• [YOUR GOAL]:
Every line of the material is to be transcribed verbatim, with images omitted.

• [GIVEN DATA]:
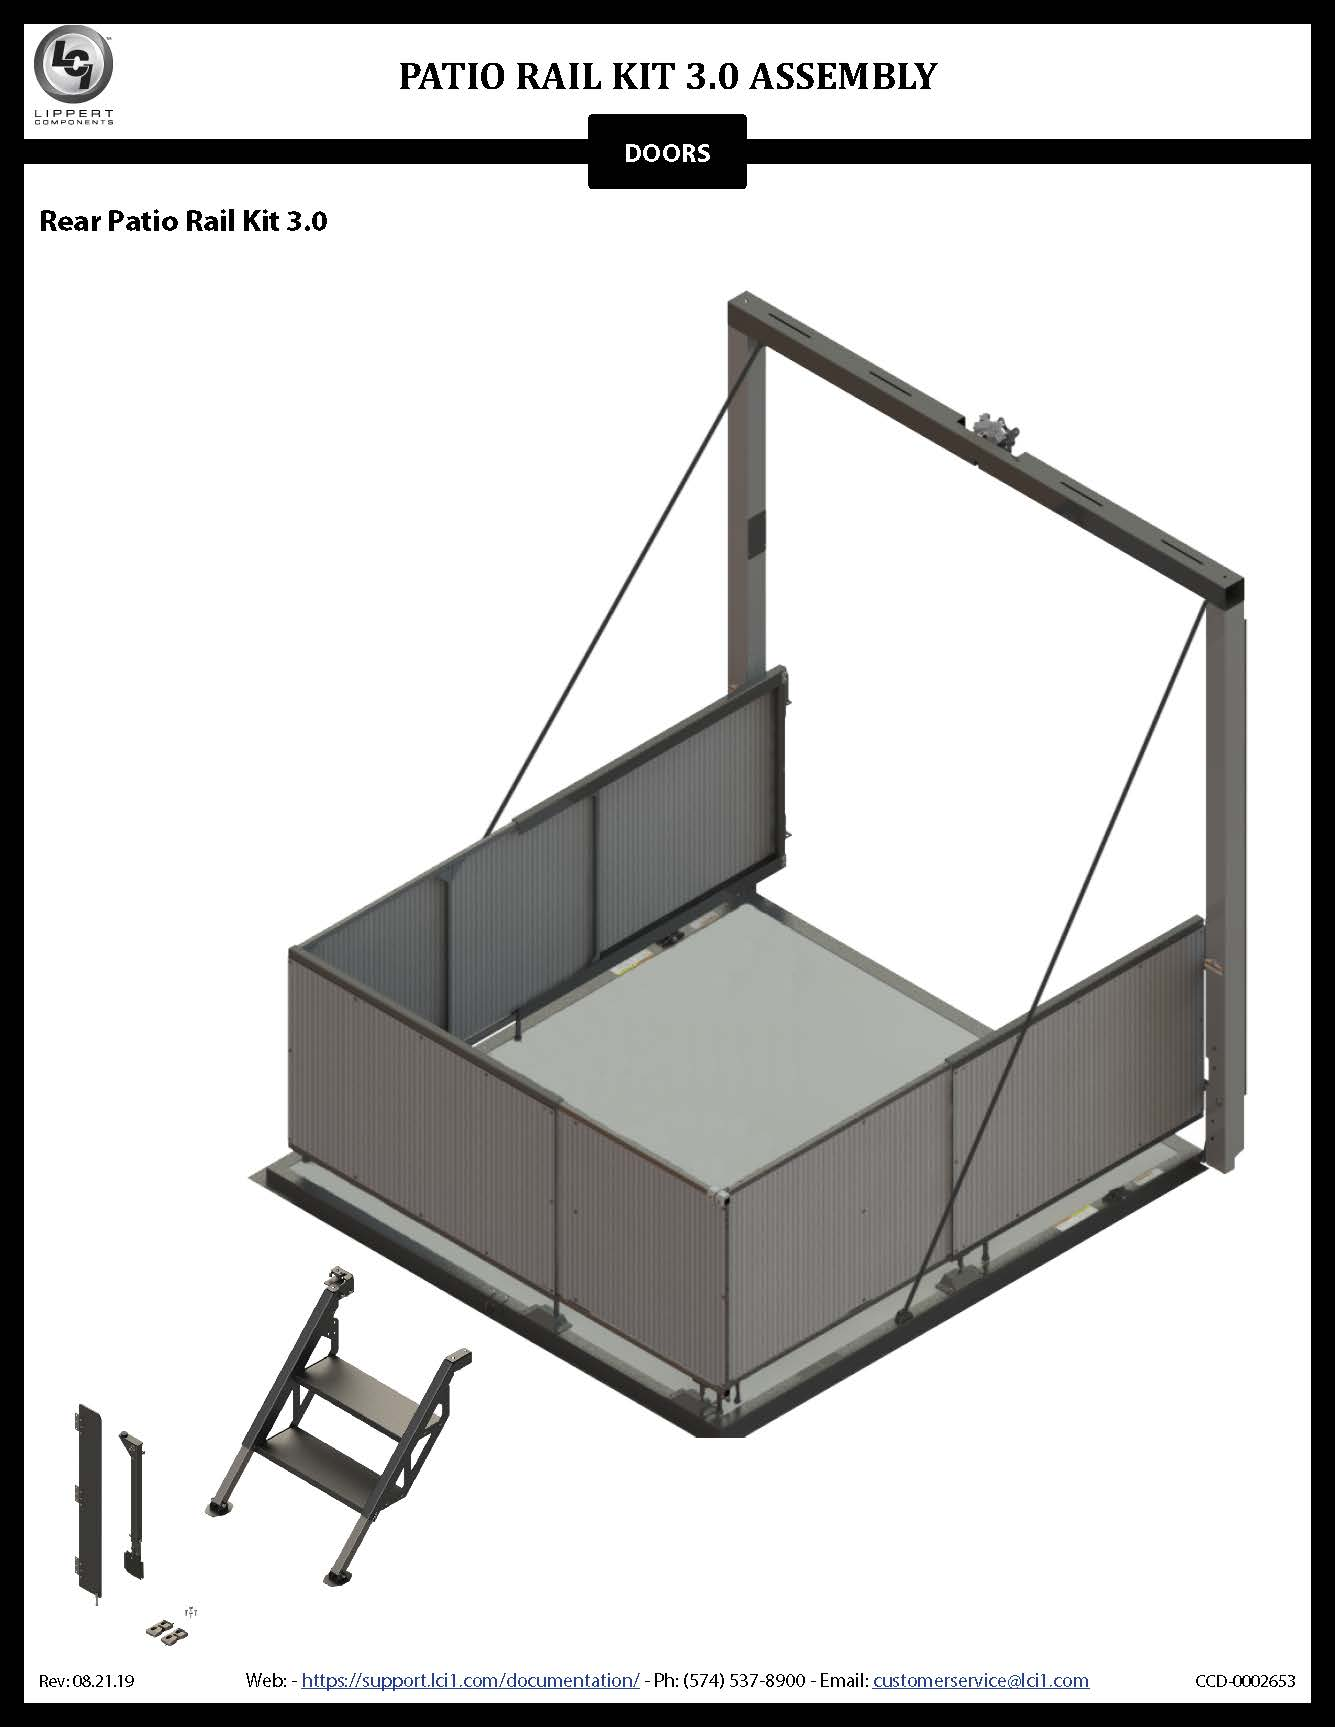 Patio Rail Kit 3.0 Assembly
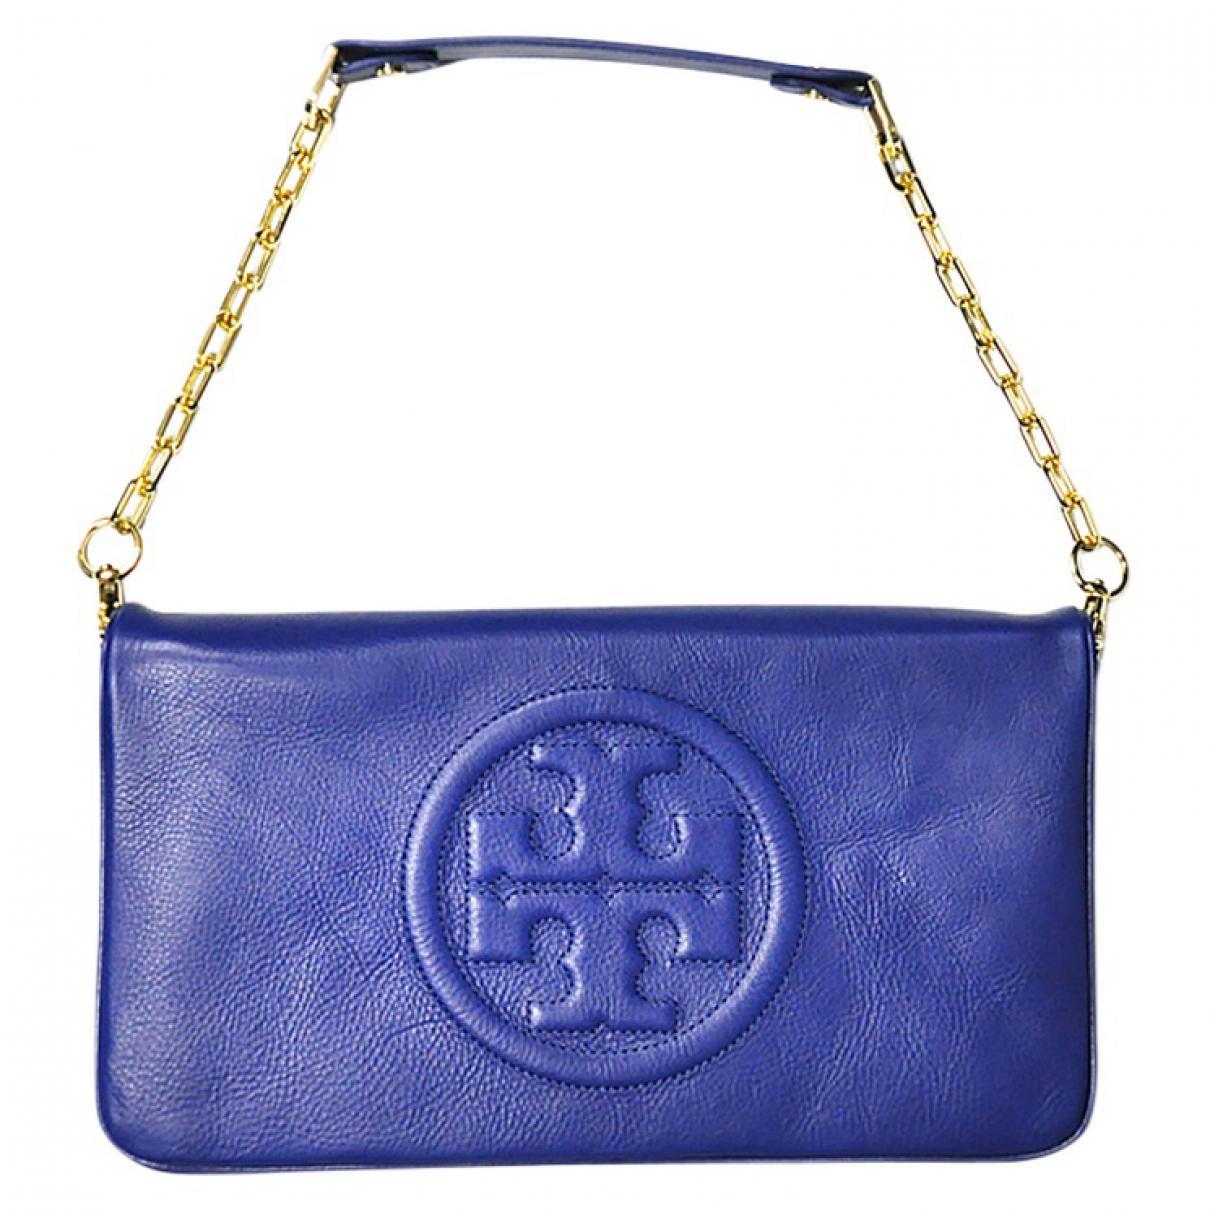 9ea0e0f7d6b0 Tory Burch Pre-owned Blue Leather Clutch Bags in Blue - Lyst
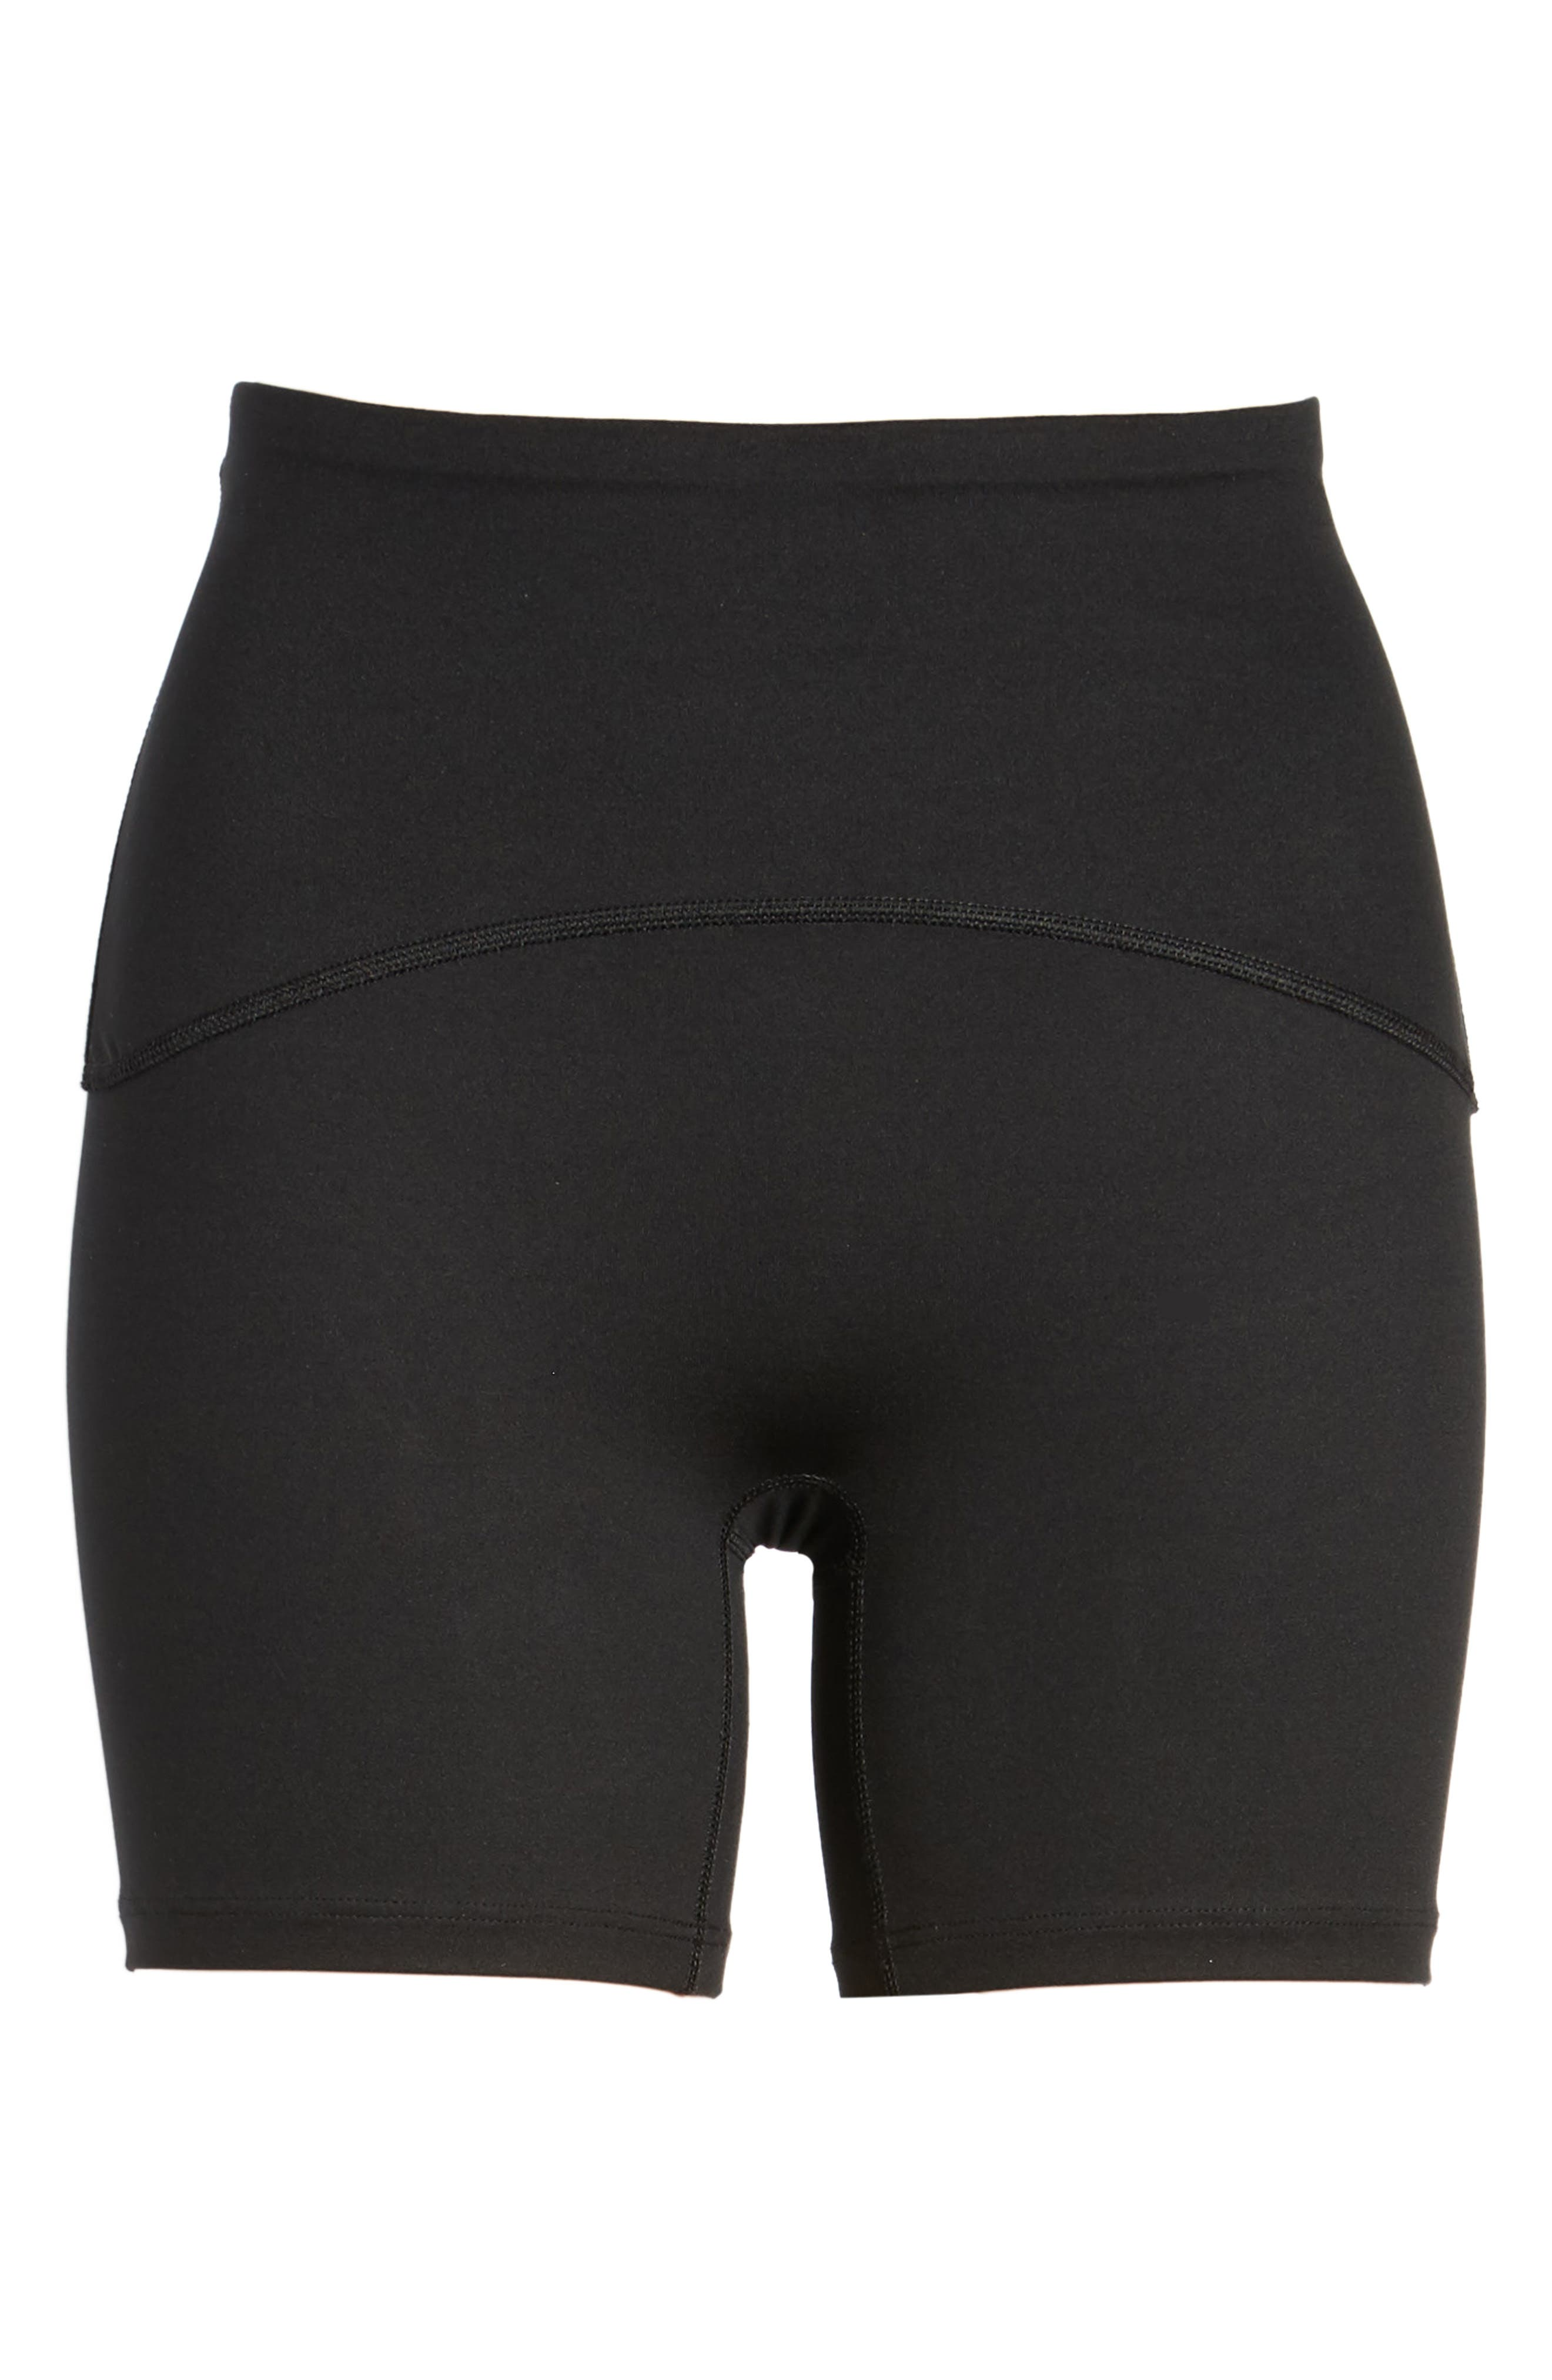 Sport Compression Shorts,                             Alternate thumbnail 6, color,                             Black
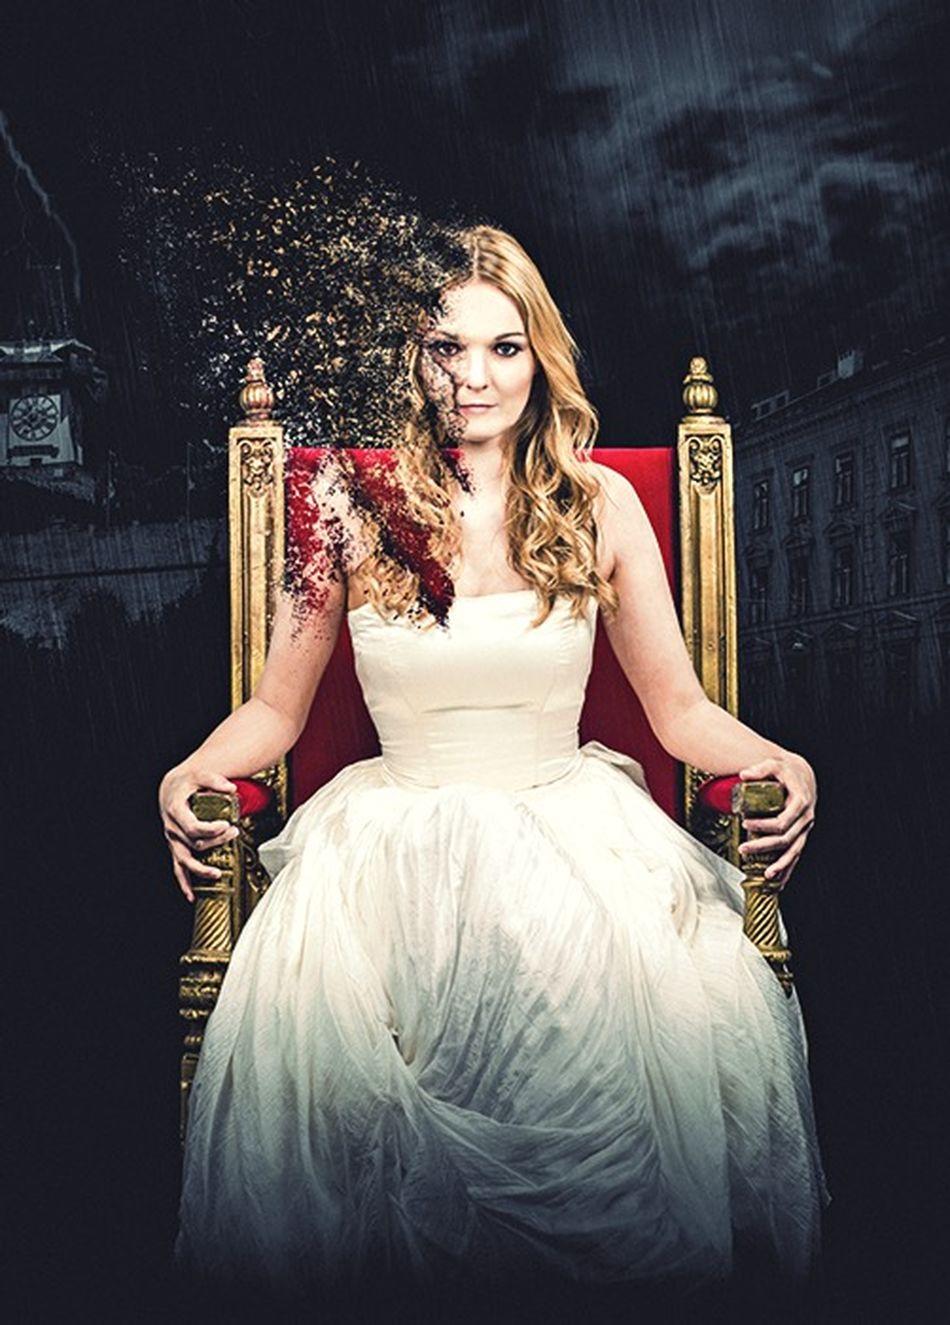 Portrait EyeEm Best Shots Check This Out Halloween Beauty halloweensujet 2015 🎃💀

• [WORKED SOLUTION]:
 Patio Rail Kit 3.0 Assembly
 9ea0e0f7d6b0 Tory Burch Pre-owned Blue Leather Clutch Bags in Blue - Lyst
 Sport Compression Shorts,                             Alternate thumbnail 6, color,                             Black
 Portrait EyeEm Best Shots Check This Out Halloween Beauty halloweensujet 2015 🎃💀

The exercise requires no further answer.